For his Sermon in a Village, painted as a diploma work in 1861, the St. Petersburg Academy awarded Perov the Grand Gold medal and subsidized his trip abroad.
For his foreign studies Perov chose France. In Paris, Perov, in his own words, ‘made a considerable progress in the technique of painting’ though he did not create anything truly significant there, and even before his stipendiary period had been over, Perov returned to Russia
Perov returned to Moscow in 1864, where he headed a group of young artists-realists and became a founding member of and an active figure in the Circle of the Itinerants. In 1866 he received the title of member of the Petersburg Academy of Arts. A leading painter of genre scenes and portraits in the 1860s and 1870s, Perov exercised an enormous influence on the development of Russian realism in the second half of the nineteenth century.
Perov’s success as a genre painter reached its peak in the latter half of the 1860s. His compositions become more laconic and expressive; overcoming an indisciplined use of colour, he achieved an impressive unity with an austere greyish-brown palette. Such works as the
Found Drowned and the
Last Tavern at Town Gate are analogous to the prose of
Fyodor Dostoyevsky in their depiction of the lowest strata of urban life.
In 1865, a year after he had returned from Paris, Perov completed the
Last Journey, a painting with an intentionally uncomplicated subject matter clear to all and sundry.
The Troika, Perov’s most expressive work produced in 1866, is especially typical of his style. Perov’s style reached maturity in the
Last Tavern at Town Gate (1868). More generally, the same holds for Russian realistic art with its focus on the conjunction of social predilection and artistic completeness.
In the 1870s, Perov made some historical paintings. He produced
Pugachev’s Judgment (1870) and
Nikita Pustosviat. Dispute on the Confession of Faith (1880). At the same time, he was still prolific in the genre, which is exemplified by his elegiac
Old Parents Visiting the Grave of Their Son (1874), widely famous
The hunters on a halt (1871), monumental Peasant in the Field (1876), sorrowful and disturbing Peasants Returning from a Funeral in Winter (1880?), and the
Pigeon Fancier (1874). But having come a long way from the
Easter Procession in a Village to the
Found Drowned and the
Last Tavern at Town Gate, Perov had paid his tribute to the genre: its further development towards the truly national painting was to be connected with the name of
Ilya Repin.
In 1871, Perov, together with
Ivan Kramskoy,
Nikolay Gay, and
Grigory Myasoedov became a founder of the
Itinerants’ Society of Traveling Exhibitions (the Peredvizhniki). Also in 1871, Perov became a professor at the Moscow School of Painting, Sculpture, and Architecture, he turned out to be an excellent teacher; among his students were such outstanding Russian painters as Sergey (?) Korovin, Andrey Riabushkin, Nikolai Kasatkin, Mikhail Nesterov and others.

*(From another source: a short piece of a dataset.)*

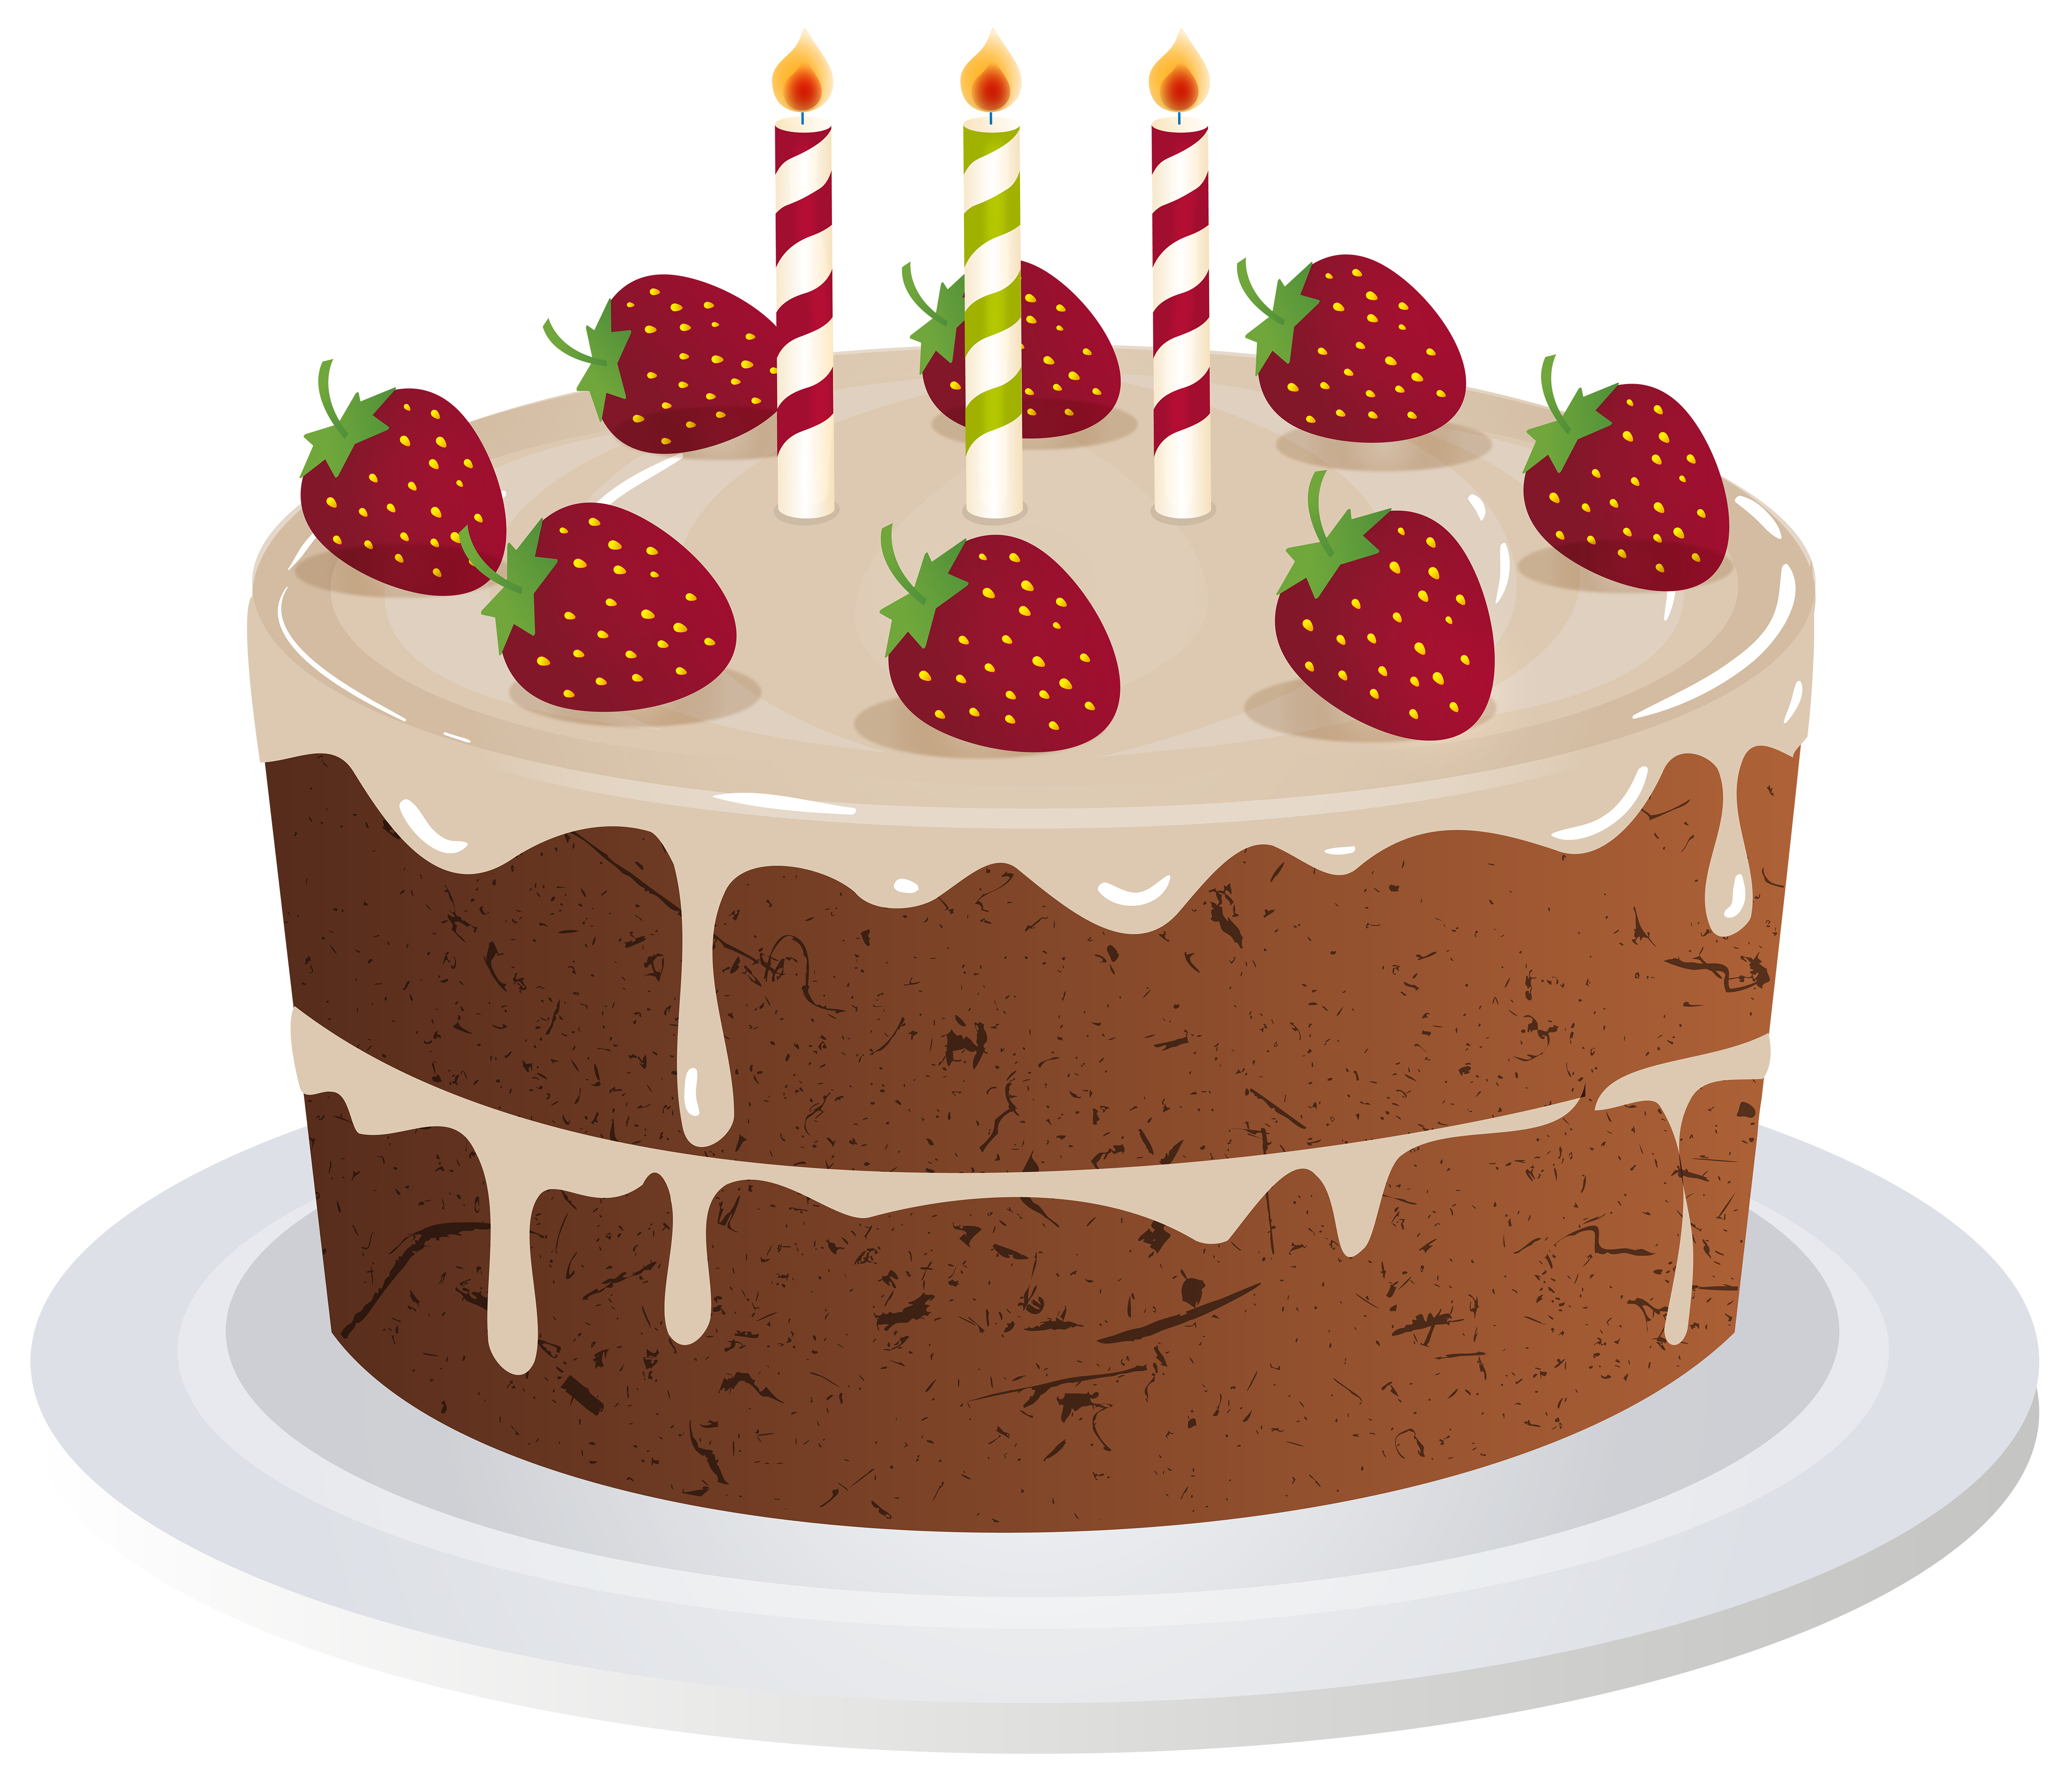 Birthday cake transparent png. Desserts clipart banner
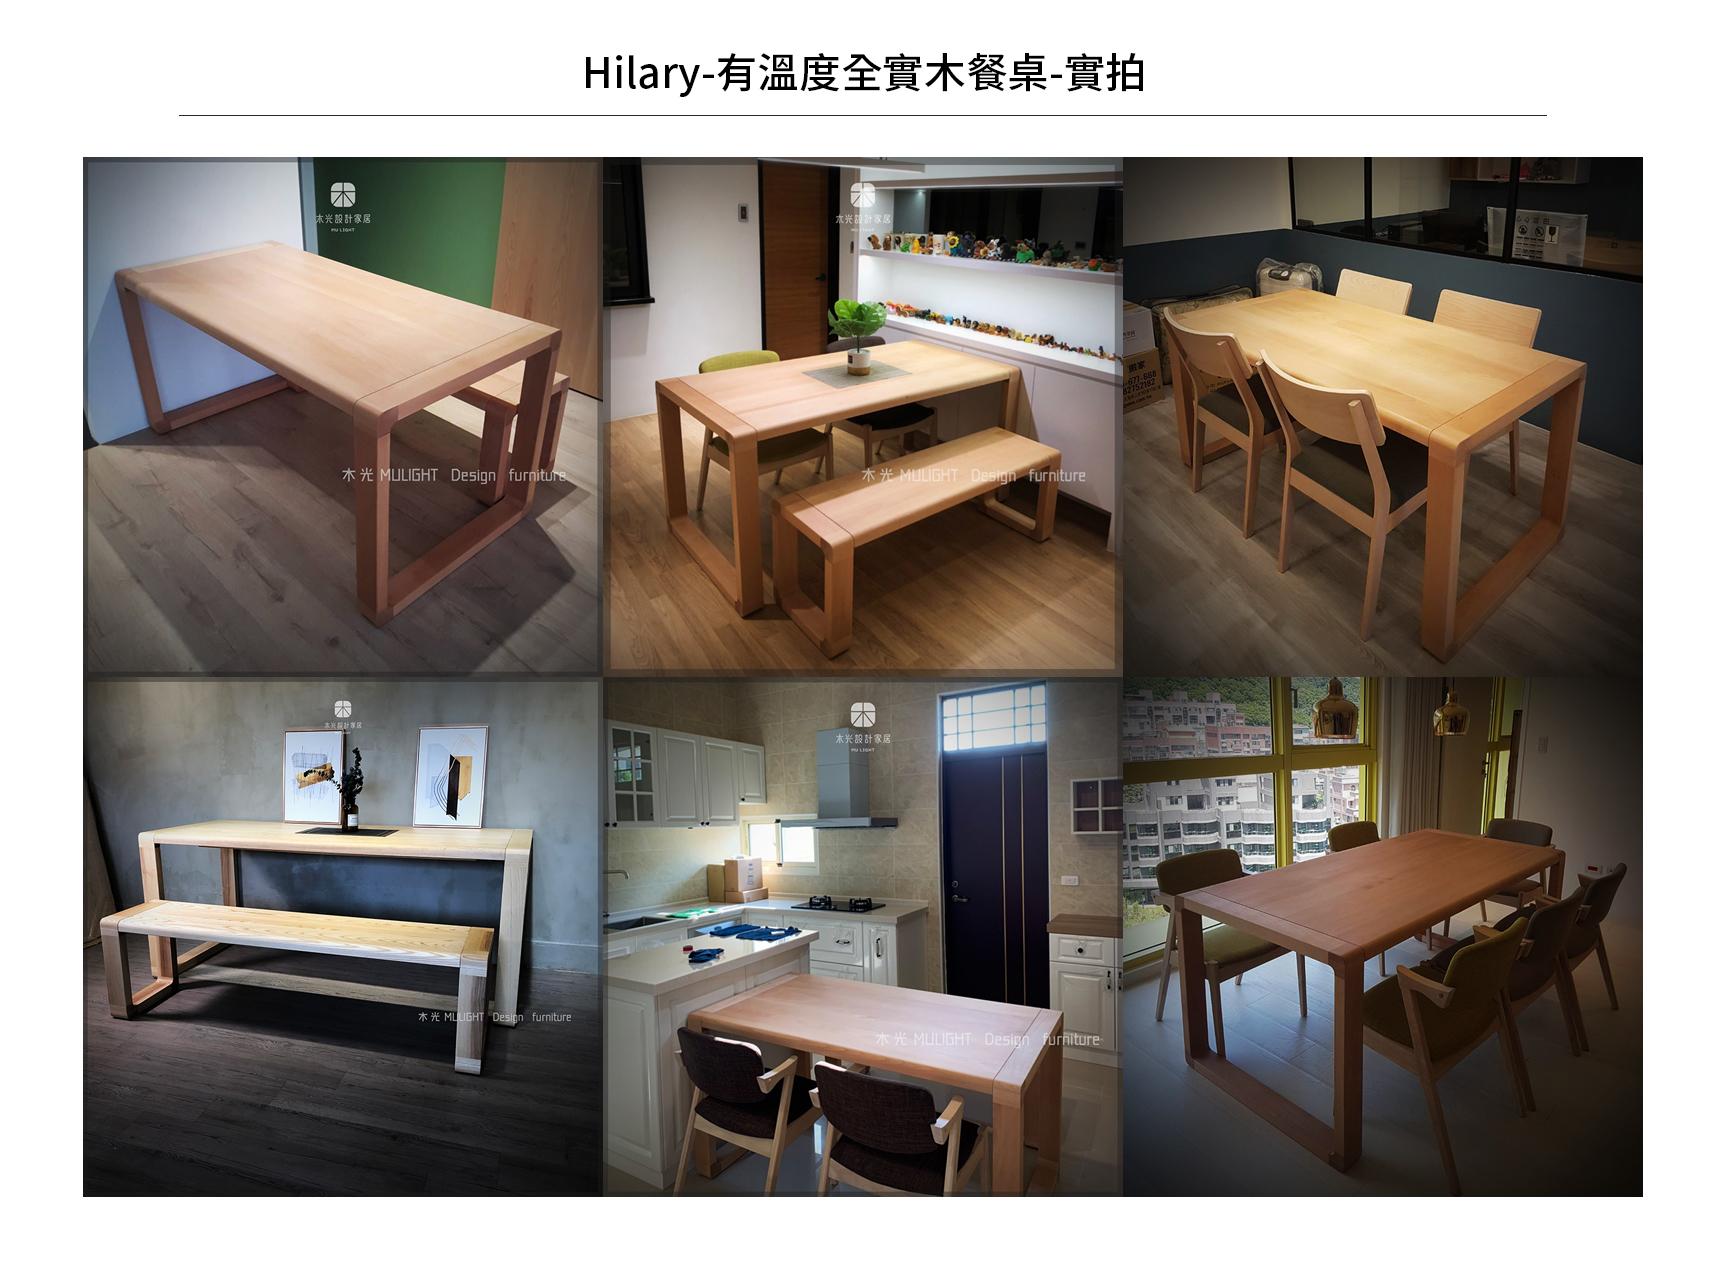 Hilary-有溫度全實木餐桌(可訂製)

At the end of the 1860s, Perov turned to portraiture in which he was equally pioneering. Exploring life, he discovered a variety of interesting characters and was able to convey their graphic individuality and profundity, e.g. Thomas the Owl (1868) or Wanderer (1870). These paintings were the beginning of a whole gallery of peasant portraits increased later by Kramskoy, Repin, and Maximov.
In the 1870s, Perov created a series of portraits of the Russian people of culture. Only an artist who fully understood the task and responsibility of portraiture could have achieved this characterization, passionate and devoid of everything vain and contingent. So, in the portraits of Anton Rubinshtein (1870), Alexander Ostrovsky (1871),
Feodor Dostoyevsky,
Vladimir Dahl,
Mikhail Pogodin, and
Apollon Maikov (1872) we see a brilliant combination of a faithful and, at the same time, critical rendering and a profound delineation of character.
Life was changing, the art of painting was developing, and Perov saw and felt that he was falling behind, but he could not change his own manner. In the late 1870s the artist did not manage to create anything interesting. The painter died in 1882 from tuberculosis.